このケースはなかなか「やる気」が持続しない方の典型的なパターンだ。

「真剣にやる」ことは「必死さ」も重要だと思う。

でも、問題がある

それは「自分の意志で高めた無理なやる気は続かない」ということだ。それはいずれ、終わる。

「やる気」を出そうとしているのに、「やる気」が出ない自分に自己嫌悪になる。
本当は良い仕事をしたいし、真剣に仕事をしたい。そう思っているのだ。
なのに集中できず、逆にバッドサイクルに入ってしまう。

その理由を老子の言葉に置き換えて言えば、以前も少しお話しした極端なことを自然に戻してしまうということだ。

普段、あまり真剣にやっていない。

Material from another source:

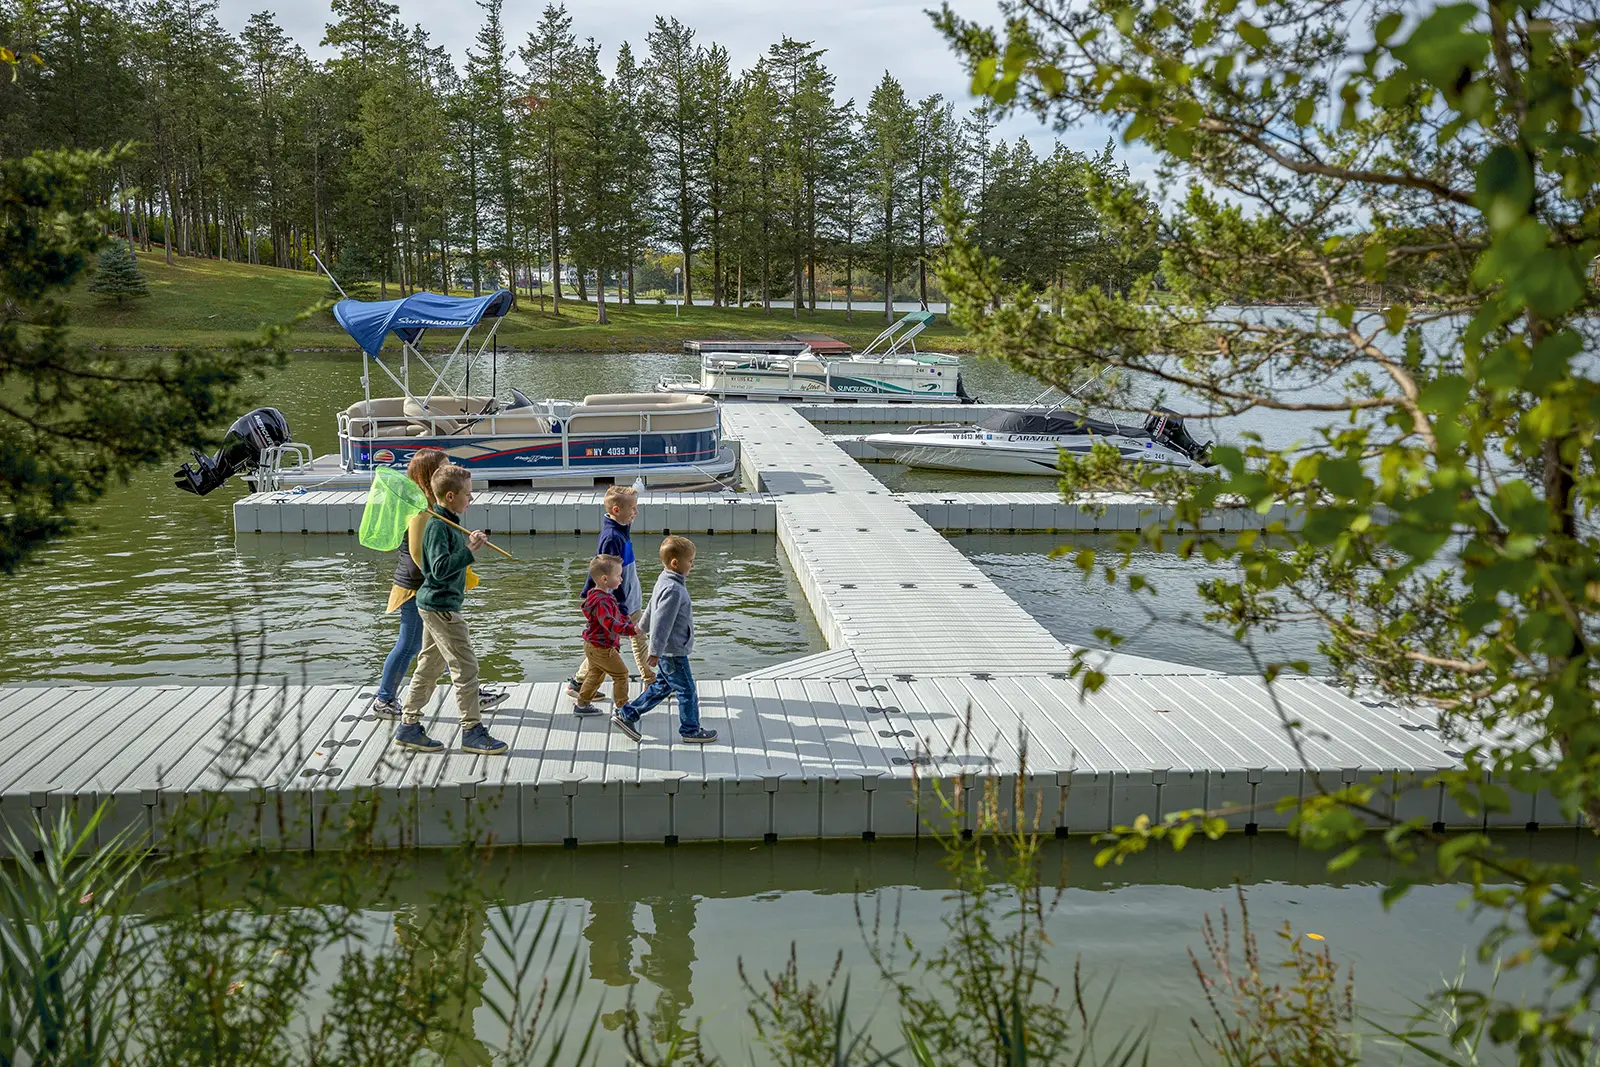 A group of kids walking on the dock with boats parked

あまり集中していない。そのような人がいきなり真剣に仕事をやる。それは「不自然」なのだ。

不自然だからこそ、続かない。
自然な方に戻されていく。

でも、

普段真剣にやっている人。集中している人は違う。そのような人が真剣に仕事をやること
は自然なのだ。

自然だからこそ、続く。
簡単に不自然な方に戻されはしない。

さぼろうと思う方が不自然だ。
さぼっても、すぐに自然な方に戻るのだ。

だからこそ、「不自然」な一時的な行動を「自然」にする必要がある。言い換えれば、「習慣」にする必要があるのだ。

覚えておいてほしい。
成果を上げることができる人は成果を上げる行動を一時的にとる人ではない。
成果を上げることができる人は成果を上げる行動を長期的にとれる人だ。言い換えれば、習慣を持っている人なのだ。

老子は言う。

「さわがしい暴風は半日とつづかず、うるさい豪雨は一日じゅうはつづかない。
そうしているのはだれかといえば、それは天地である。
天地でさえも長くつづけることができないものを、まして小さな人間ではなおさらつづかない。
大声を張りあげてしゃべりまくる不自然なことは、やめたほうがよい」

参考:老子道徳経 上篇 「老子」金谷治

一時的に自然ではない行動をとる時は注意が必要だ。それらの多くは長く続けることができない性質の行動なのだ。

だからこそ、それが自然なものとなるように
習慣化することを意識することが重要なのだ。

スティーブン・コヴィーが成功には原則があるとして「7つの習慣」で「習慣」をとりあげた。
あの本は1500万部以上売れた大ベストセラーだが、「習慣」は老子の言葉からも非常に重要なものだと言える。

習慣を高めること。そして、自らの自然を高めることだ。